As global demographics shift, so does the definition of progress: the present Morgan Stanley dispatch explores how nations compare beyond GDP, including such issues as, e.g. where people are living longest; why higher healthcare spending doesn’t guarantee better outcomes, and which countries are climbing fast in education and earnings.
Central banks and fiscal policy
Inflation is likely to continue losing steam globally except for the US, slowing to 2.1% in 2025 and 2% in 2026, from 2.4% in 2024. Weaker demand, currency appreciation and lower oil prices are driving the slowdown in consumer prices.
With lower inflation and slower growth, central banks could be more inclined to reduce interest rates; hence, the US is again an outlier, with the Federal Reserve likely to hold rates steady until March 2026.

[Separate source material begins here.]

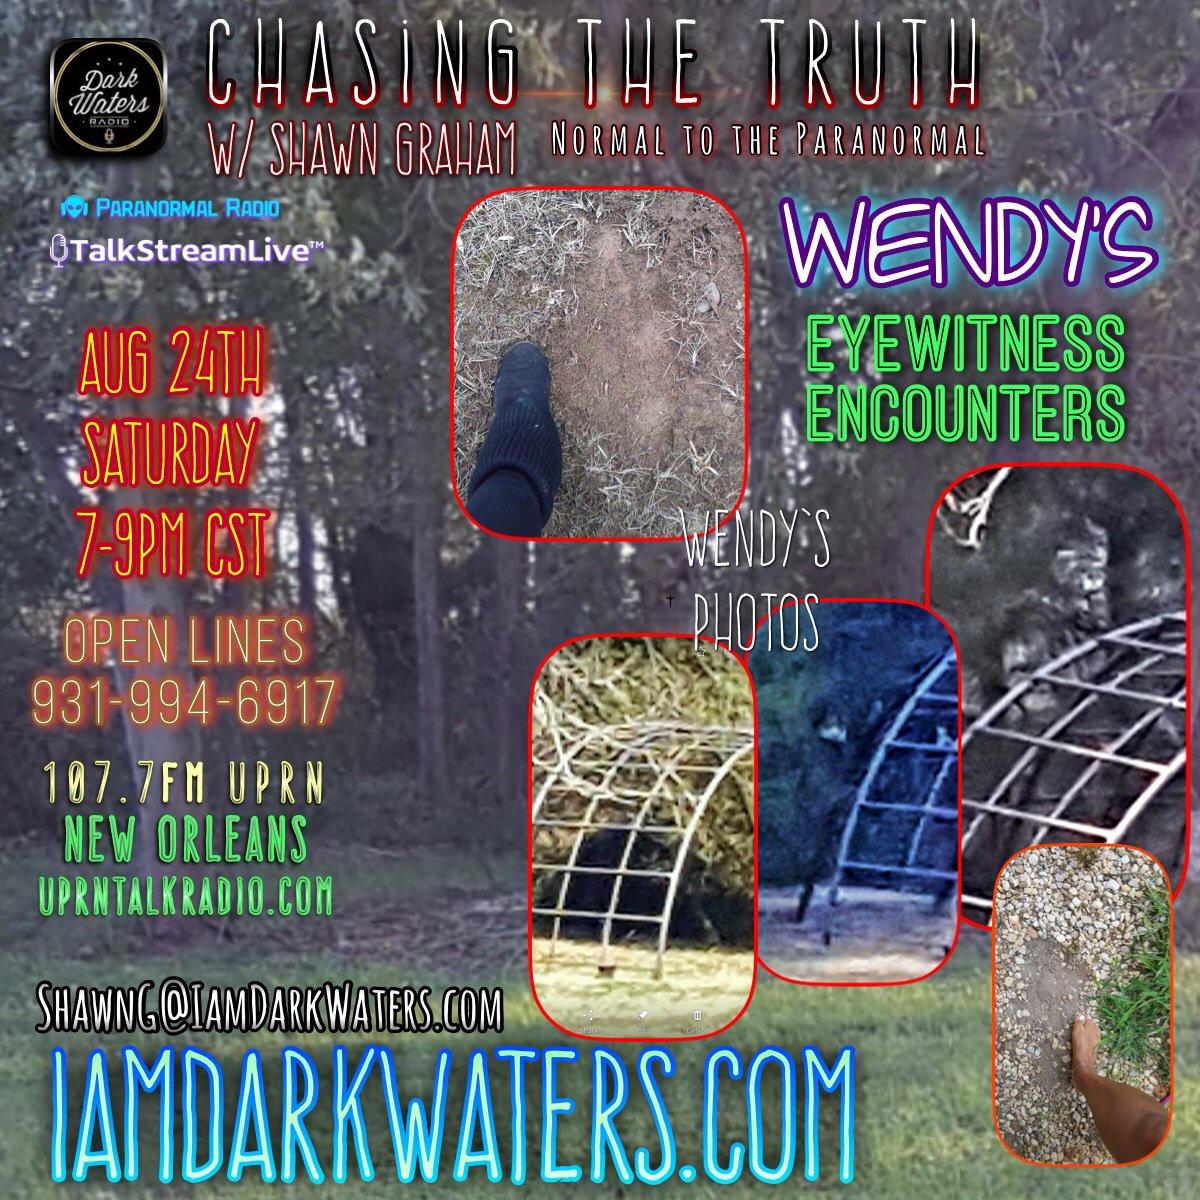 Chasing The Truth w/ Shawn G August 24 7-9pm cst Eyewitness encounters. Shawn & Wendy discuss her photos Saturday! iamdarkwaters.com Uprntalkradio.com #eyewitnessEncounters #paranormal #sasquatch #bigfoot #cryptid #podcast #ChasingTheTruth #DarkWatersRadio #share

The US, the euro area in the EU and China are likely to increase government spending to support their economies, leading to an increase in public deficits. Germany’s deficit could rise to its highest level since its 1990 unification as the country invests in infrastructure and defense.
In the US, rising interest costs are also driving up the deficit. As to investment banking and capital markets, corporations, organizations and governments around the world rely on Morgan Stanley’s reputation as a global leader in investment banking: its advisory and capital-raising services are recognized as among the best in the industry.
Source: https://www.morganstanley.com/insights/articles/economic-outlook-midyear-2025
Continued easing for the ECB
In the euro area, the main obstacle to growth is lower exports, responds Morgan Stanly. Thus, European economy is likely to expand 1% in 2025 and 0.9% in 2026, after growing 0.8% last year, while inflation should fall below the European Central Bank’s target in the course of 2025 and remain there afterwards.
“Falling inflation, weak growth and a stronger euro make the decisions for the ECB easier,” says Jens Eisenschmidt, Morgan Stanley’s Chief Europe Economist. “We forecast that the ECB will continue its easing cycle, bringing the policy rate below neutral to 1.5% by December 2025”, he added.